--- Supplied data ---
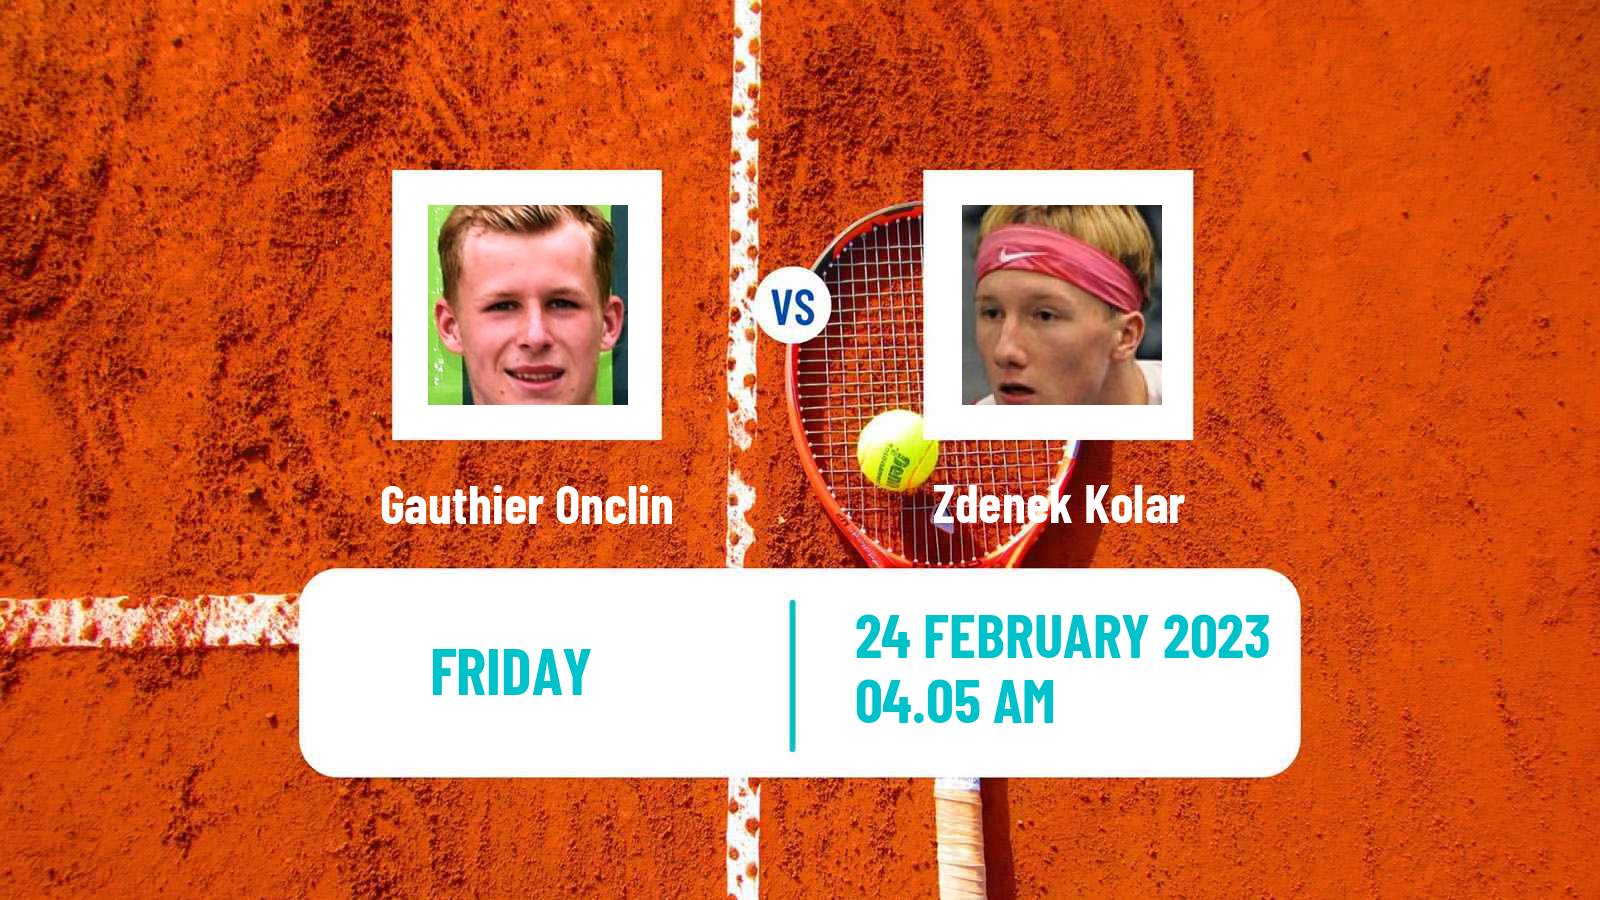 Tennis ATP Challenger Gauthier Onclin - Zdenek Kolar
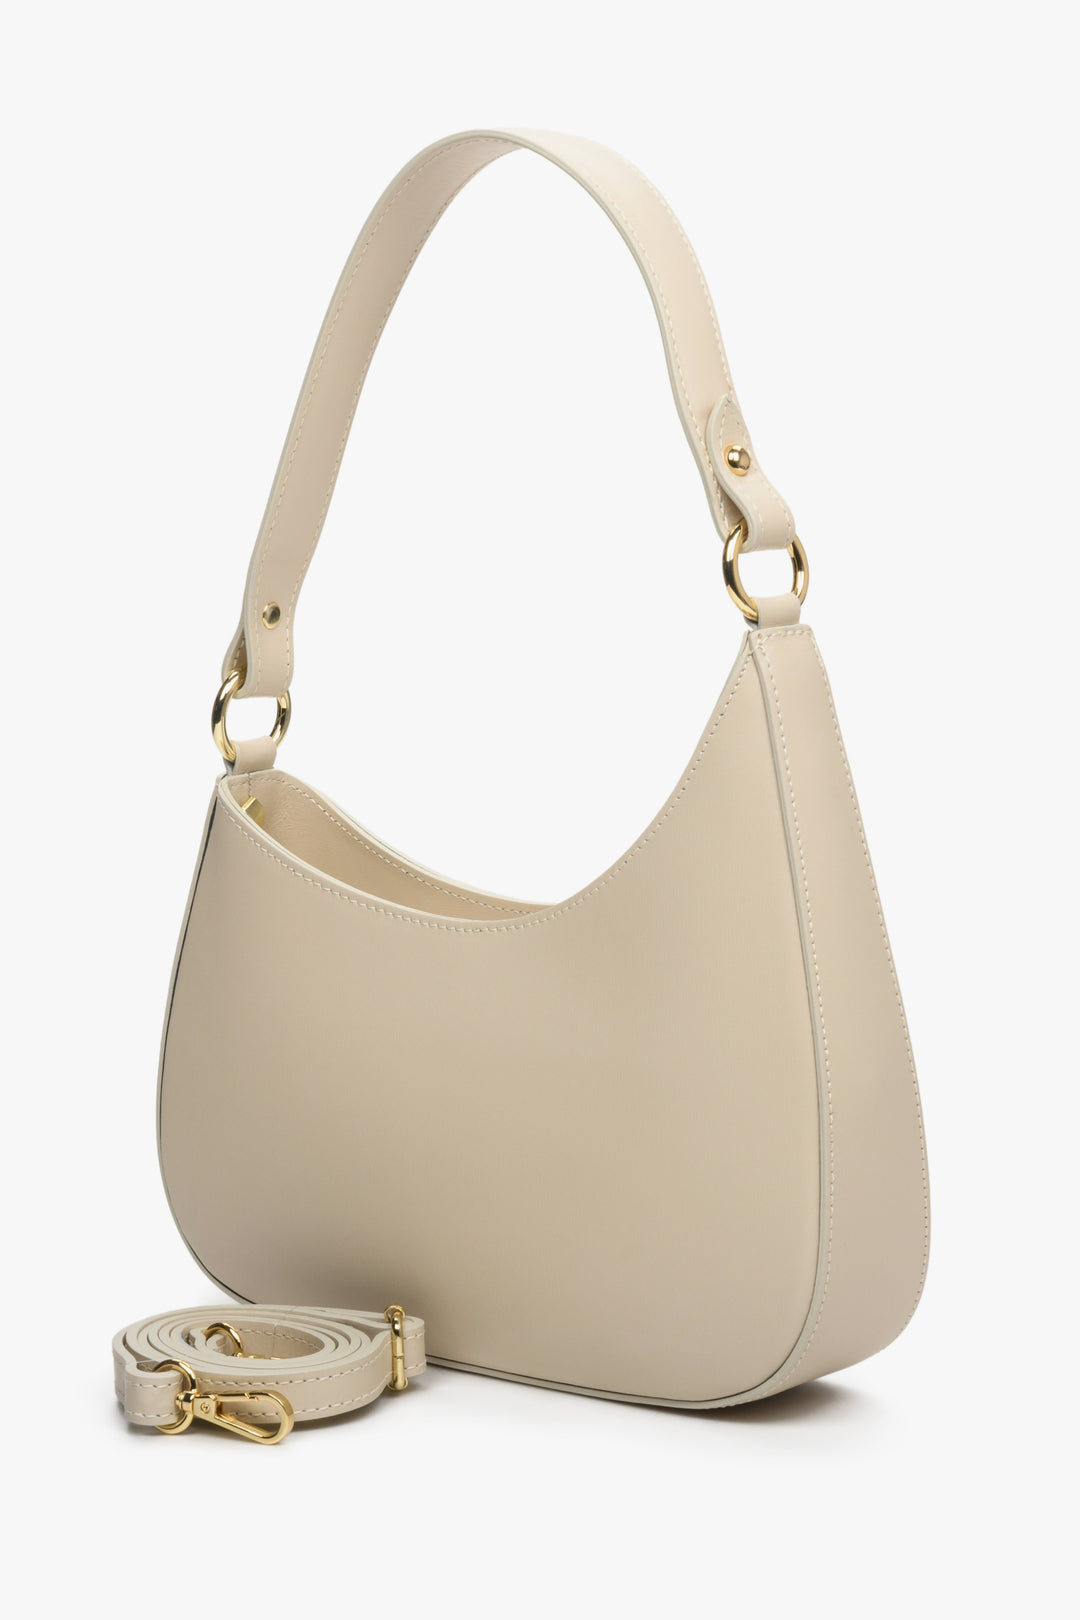 Women's sand beige Estro shoulder bag with detachable strap.
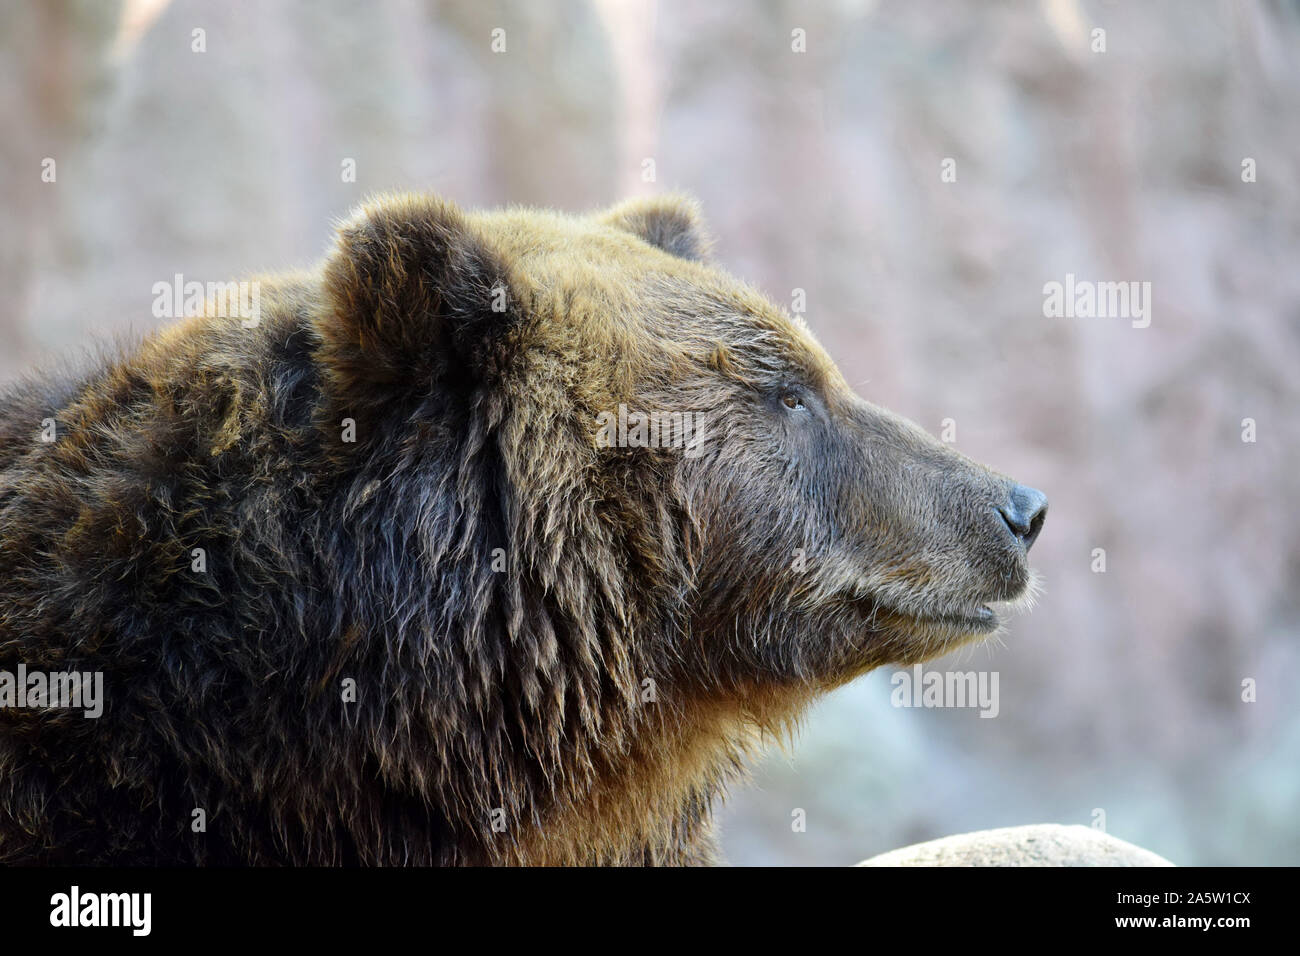 Capo in prossimità di orso bruno Vista laterale Foto Stock
---
Work task:
Return the listing unchanged, but drop every picture.

Solution for this task:
 Tennis ATP Challenger Gauthier Onclin - Zdenek Kolar
 Women's sand beige Estro shoulder bag with detachable strap.
 Capo in prossimità di orso bruno Vista laterale Foto Stock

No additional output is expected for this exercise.